В том чрезвычайно сложном и не сводимом к общему знаменателю конгломерате идей, составляющих в совокупности научное знание в определенную историческую эпоху, можно обнаружить пласты, принадлежащие в концептуальном отношении разным периодам в развитии науки. Наряду с архаическими слоями, содержащими «окаменелости» научной мифологии предшествующих этапов истории науки, в нем обязательно есть и зародыши будущих открытий, и теории, ведущие «в никуда». Не будь стержня, скрепляющего воедино многоцветную мозаику научных понятий, гипотез, теорий, объяснительных моделей, эмпирических данных и т. п., ни о какой науке как целостной системе знаний вообще нельзя было бы говорить. Но такой стержень есть: эту функцию выполняют формально-языковые структуры, которые упорядочивают знания в соответствии с «априорными» схемами, используемыми в науке в тот или иной период ее существования.

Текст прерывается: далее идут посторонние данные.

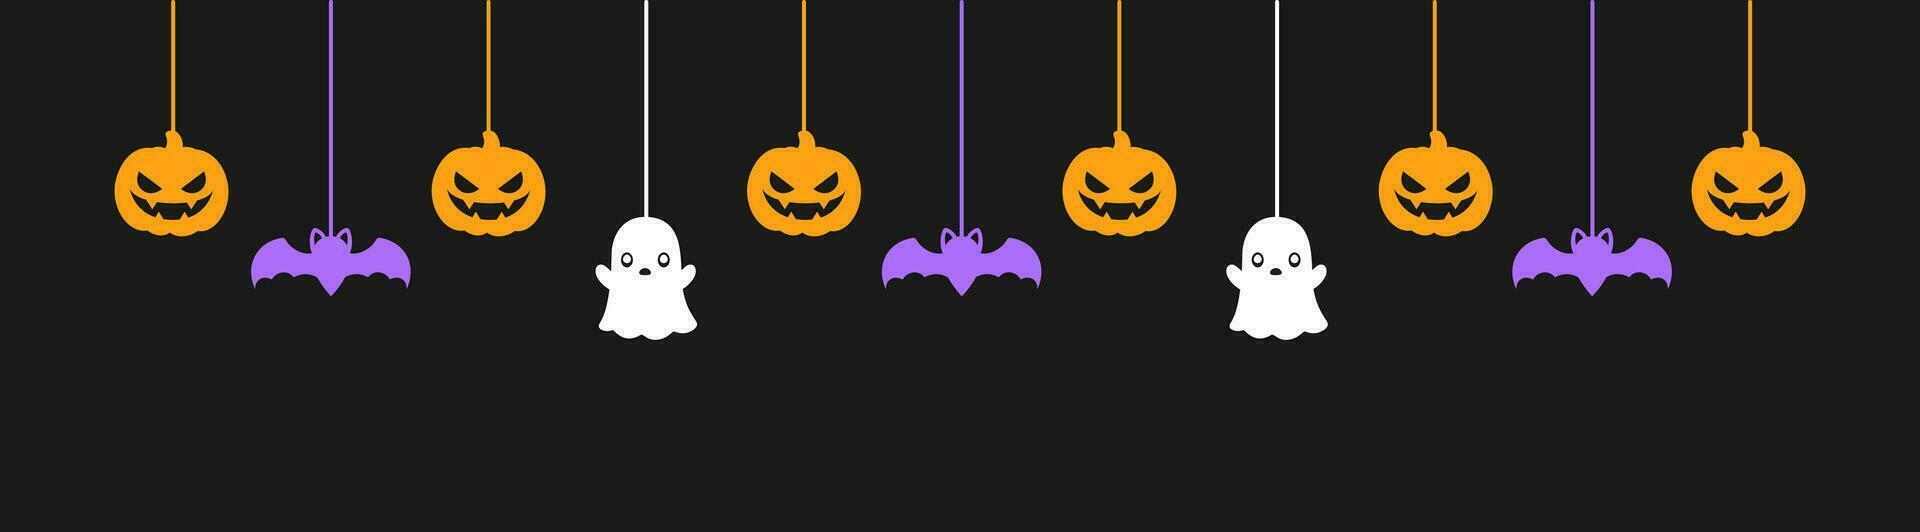 Lycklig halloween baner eller gräns med svart fladdermöss, spöke och domkraft o lykta pumpor. hängande läskigt ornament dekoration vektor illustration, lura eller behandla fest inbjudan

Под формально-языковыми структурами здесь подразумевается не сам по себе способ символической записи некоторого содержания, необходимый для того, чтобы высказать суждение о каком-либо предмете. Естественный язык прекрасно справляется с этой задачей, и, в случае необходимости, его всегда можно пополнить новыми терминами и понятиями, чтобы охватить новый круг явлений. Но назвать и рассказать о каком-либо явлении еще не значит иметь научное знание о нем. Научное знание, в отличие от суждений обыденного опыта, опирается, помимо данных опыта, на «истины разума», воздействующие на сознание ученого с силой непосредственной очевидности. Если опыт всегда допускает различное толкование, то интуиции, обладающие непосредственной интеллектуальной достоверностью, гораздо более отчетливы и определенны. Они могут стать совершенно отчетливыми и в то же время быть достоянием многих людей, не подвергаясь опасности неоднозначной интерпретации, когда они не просто названы или описаны, а явлены (репрезентированы) в языке. Тогда они начинают играть роль конструктивных схем, превращаются в формообразующий инструмент научного мышления.
Интуиция сущности и основанные на ней интуиции вещи, физического тела конституируют, в самом общем виде, предметную область схоластических исследований не только и не столько потому, что они без труда интерпретируются в терминах обыденного опыта, но благодаря возможности охватить и представить в чистом виде их самую важную характеристику — бытие в качестве самодовлеющих и выделенных единиц универсума — через наглядно воспринимаемую функцию подлежащего (субъекта) в системе аристотелевской логики. В ней же репрезентируются представления о свойствах вещей, их существенных и несущественных признаках, т. е. формах и качествах, и об отношениях, имеющих место между свойствами и их носителями, с помощью категории предиката и субъектпредикатных структур. В стремлении уложить весь эмпирический материал в прокрустово ложе формальной логики, которое в последующие времена создало схоластике дурную славу, нашла свое предельное (и не очень адекватное) выражение совершенно справедливая, как нам представляется, мысль о необходимости исходить при построении научного знания из предварительно фиксированных схем, задающих общие контуры того, о чем будет идти речь, т. е. конституирующих определенный тип предметности. Беда не в ее чрезмерном формализме, а скорее в отсутствии необходимого разнообразия формальных средств, на уровне языка моделирующих основные онтологические расчленения и взаимоотношения. Схоластика знала только один язык, пригодный для этих целей, — язык формальной логики, и потому он становится универсальным инструментом теоретизирования.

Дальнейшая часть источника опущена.